GIVEN MATERIAL below:
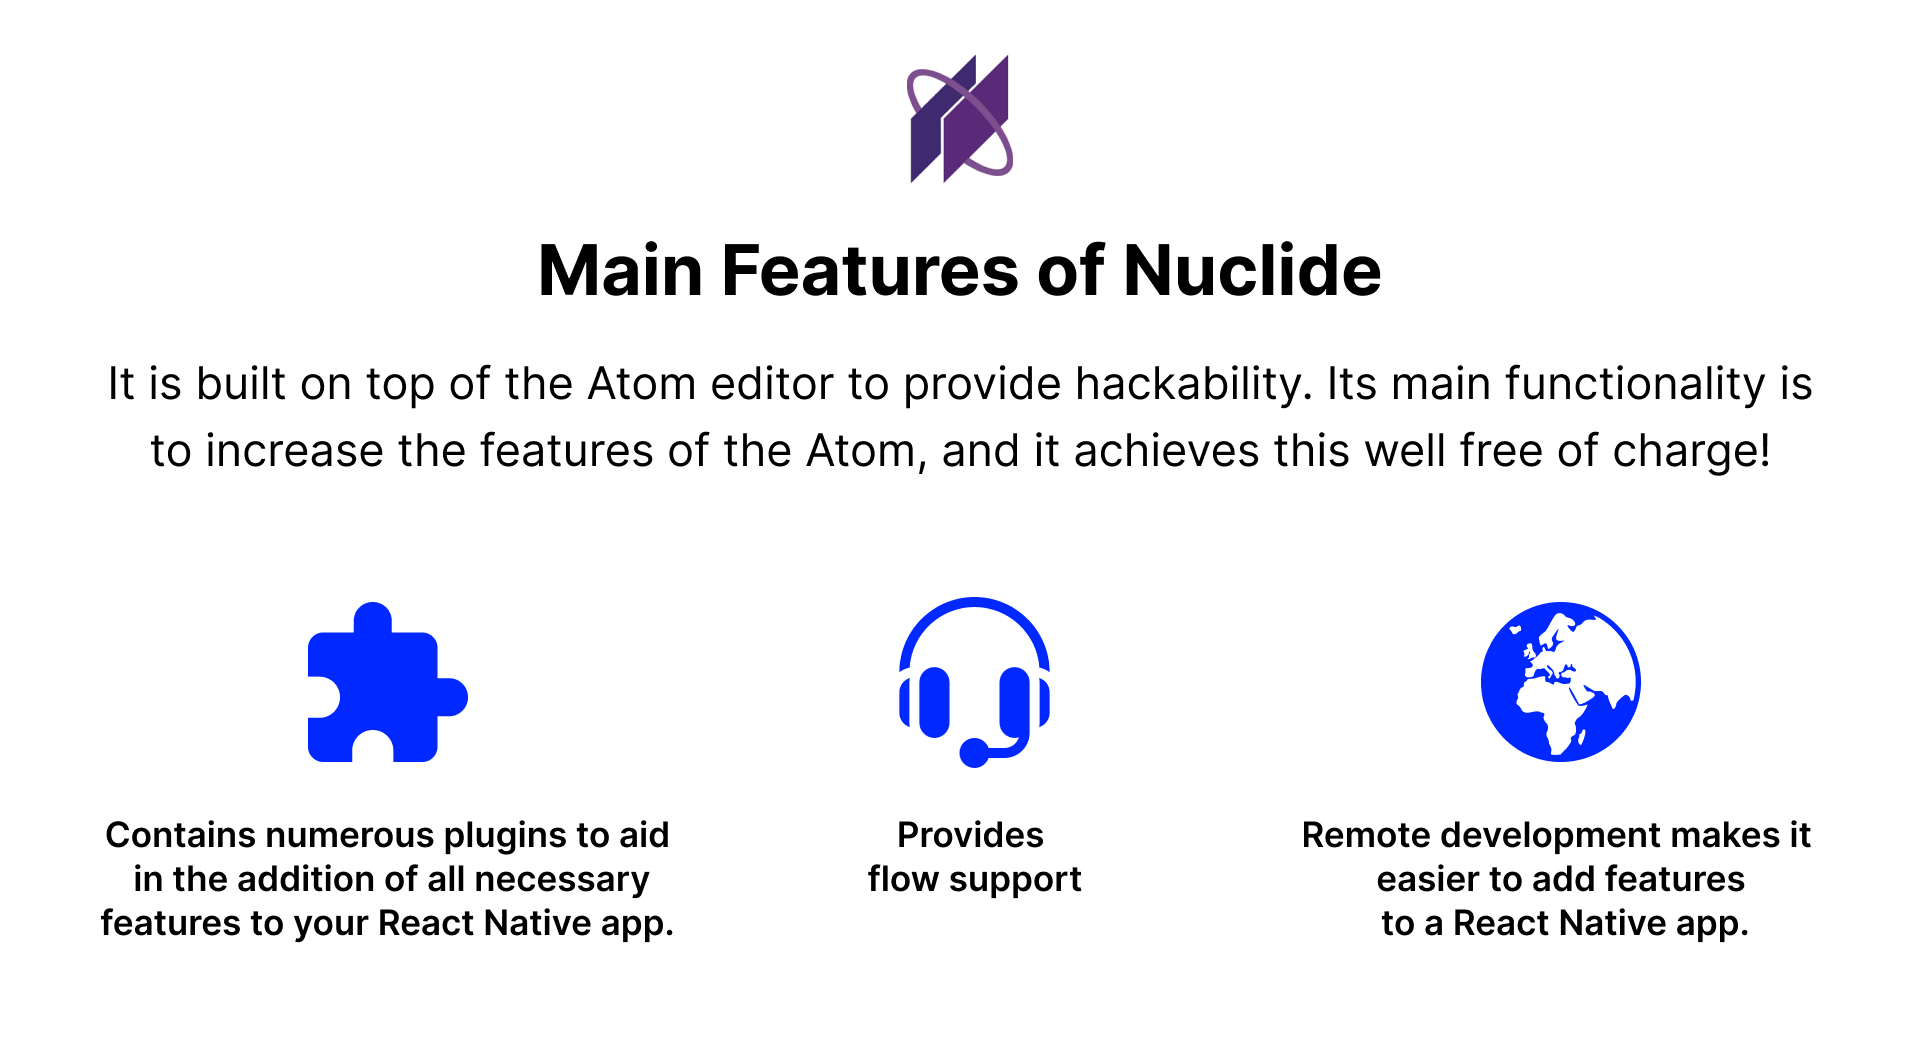 Main Features of Nuclide
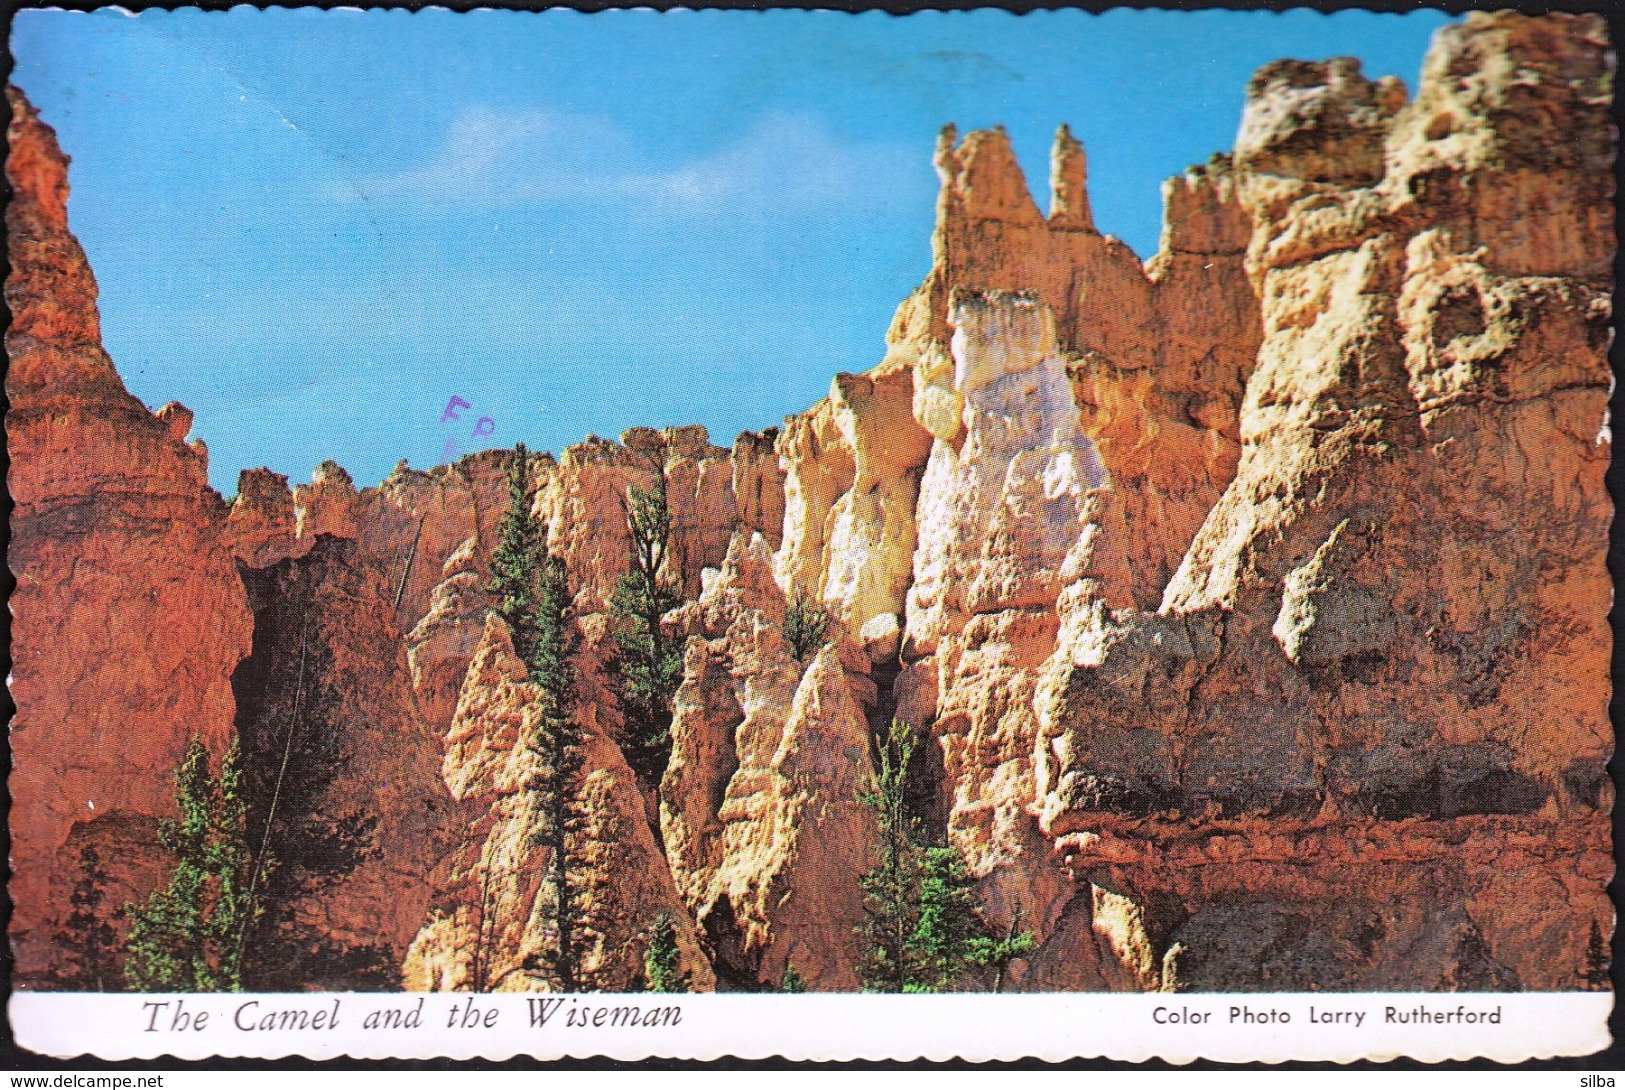 United States New York 1975 / The Camel And The Wiseman / Bryce Canyon National Park, Utah - Bryce Canyon
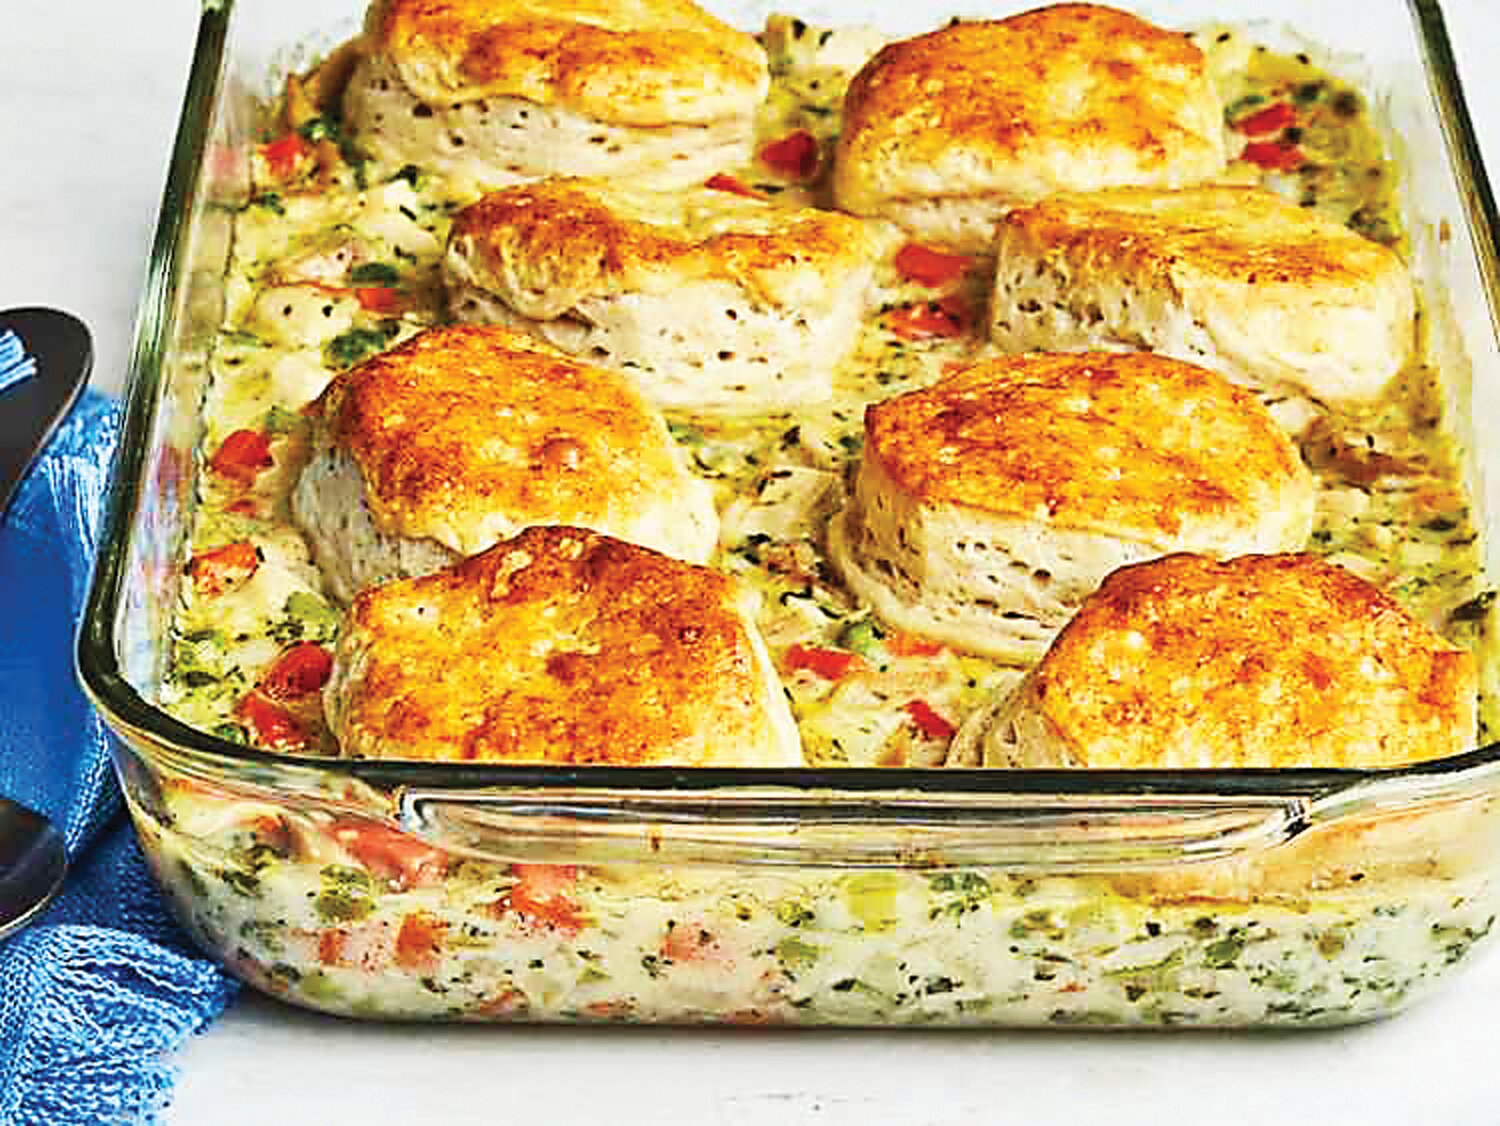 Winter is a great time to experiment with new recipes, even if you are having a Dry January. This easy pot pie is topped with biscuits.
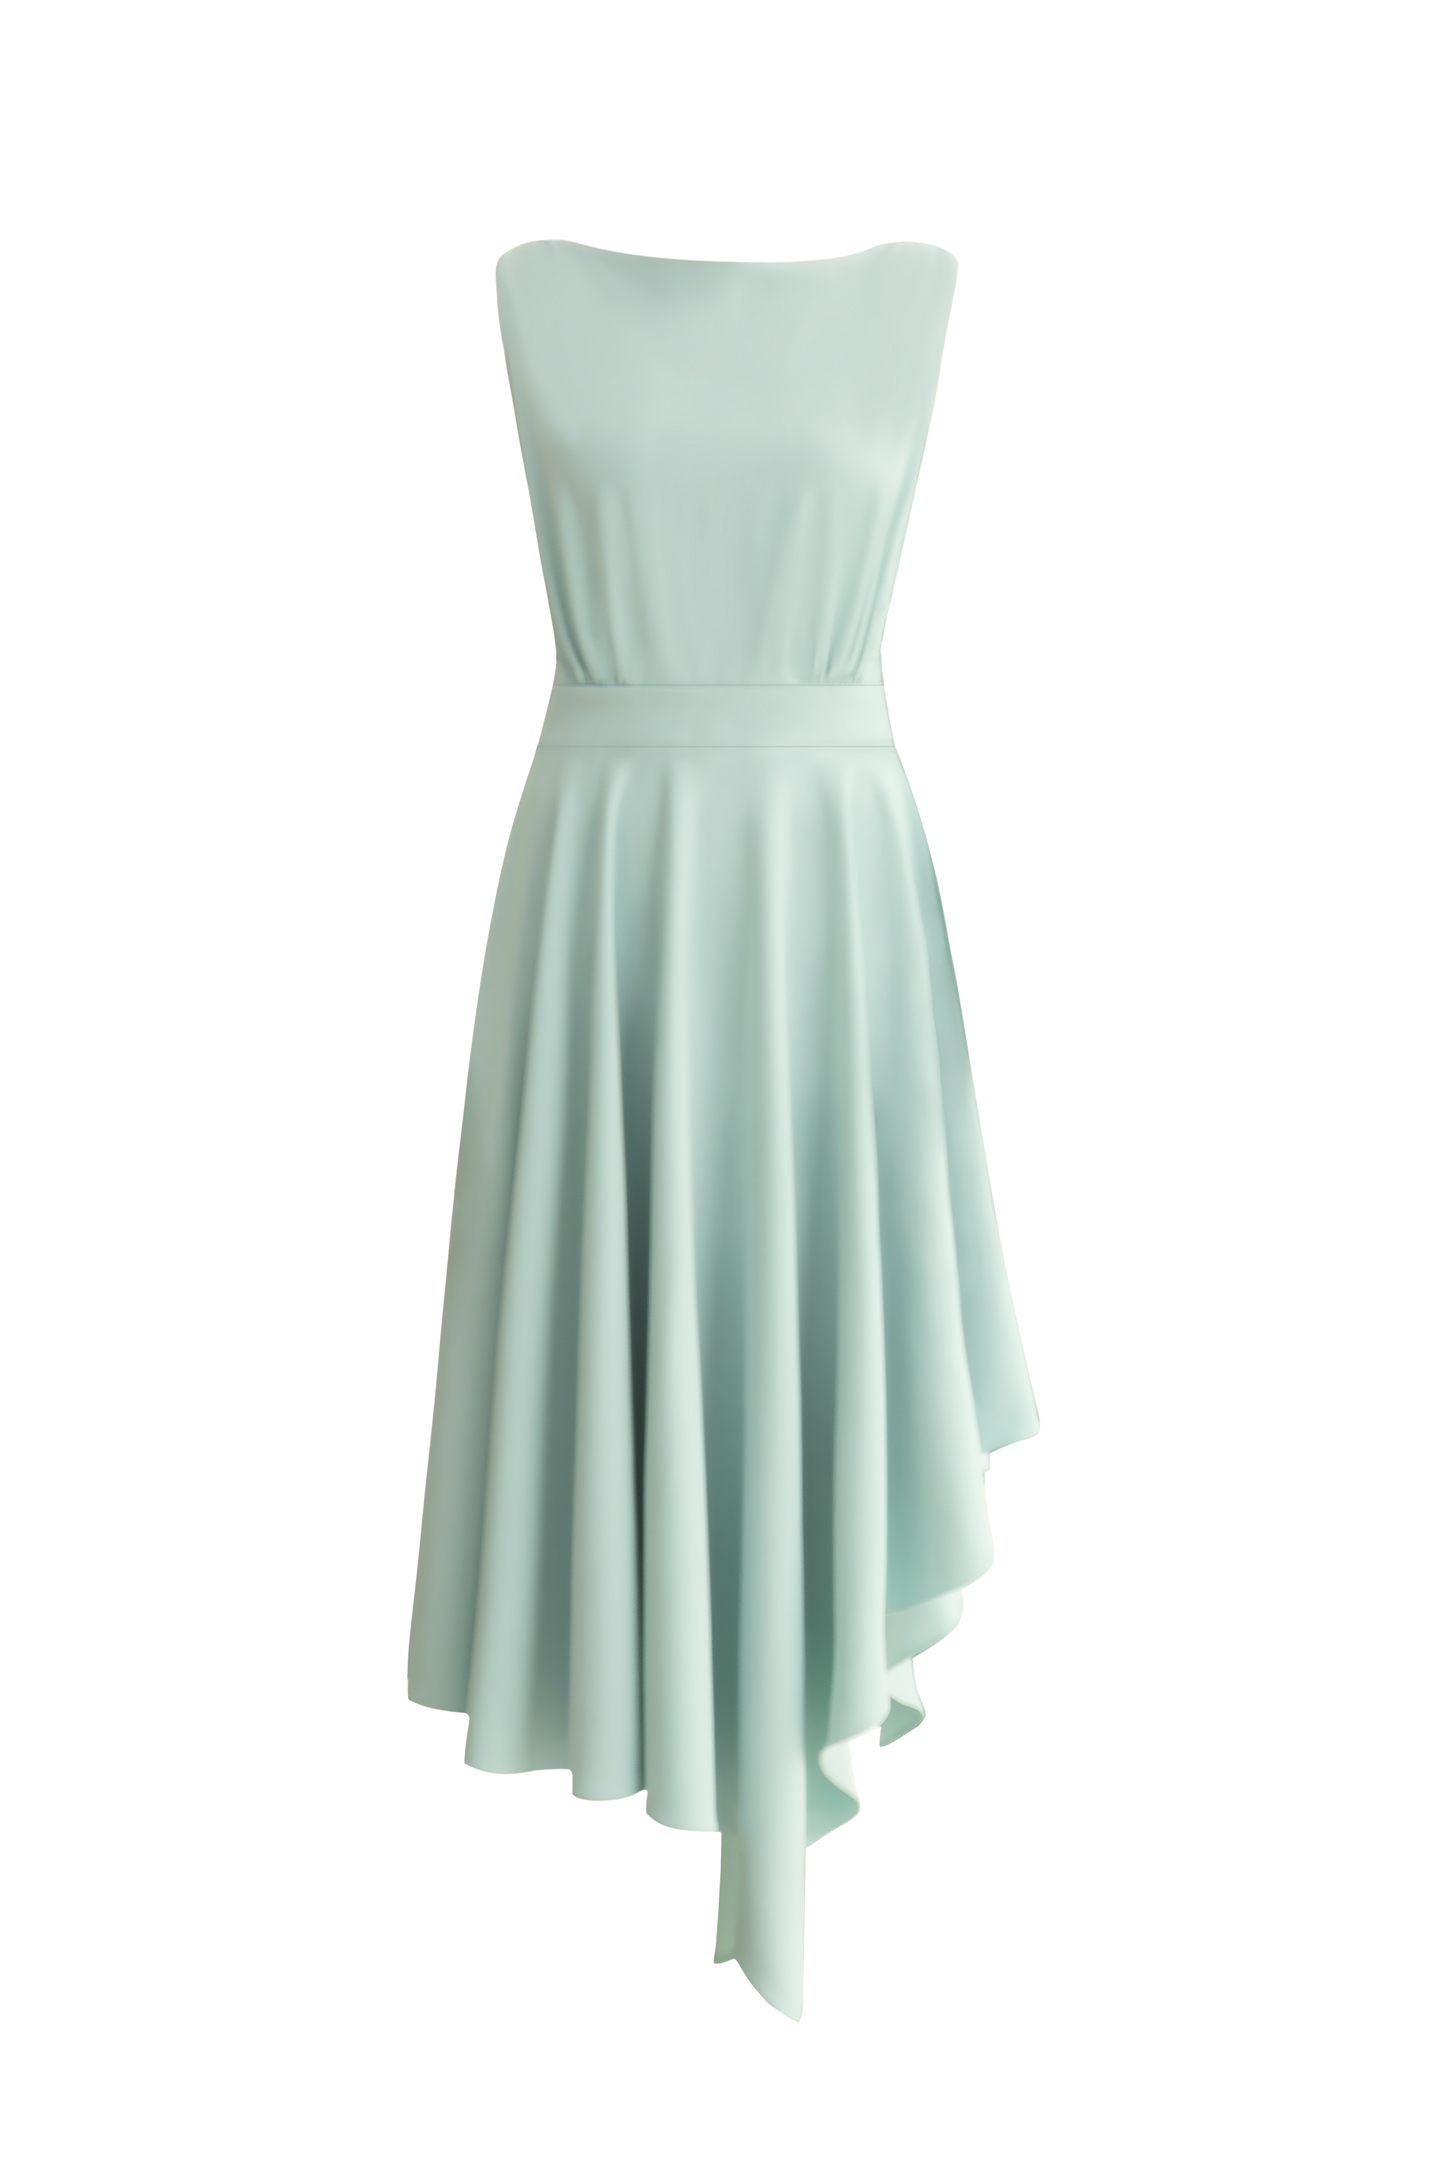 The Morgan Dress in Mint Green - Atelier Patty Ang
End of GIVEN MATERIAL.
* DIRECTIONS *
Word for word, restate all of the material above except its pictures.

* ANSWER TO THIS EXERCISE *
 Main Features of Nuclide
 United States New York 1975 / The Camel And The Wiseman / Bryce Canyon National Park, Utah - Bryce Canyon
 Winter is a great time to experiment with new recipes, even if you are having a Dry January. This easy pot pie is topped with biscuits.
 The Morgan Dress in Mint Green - Atelier Patty Ang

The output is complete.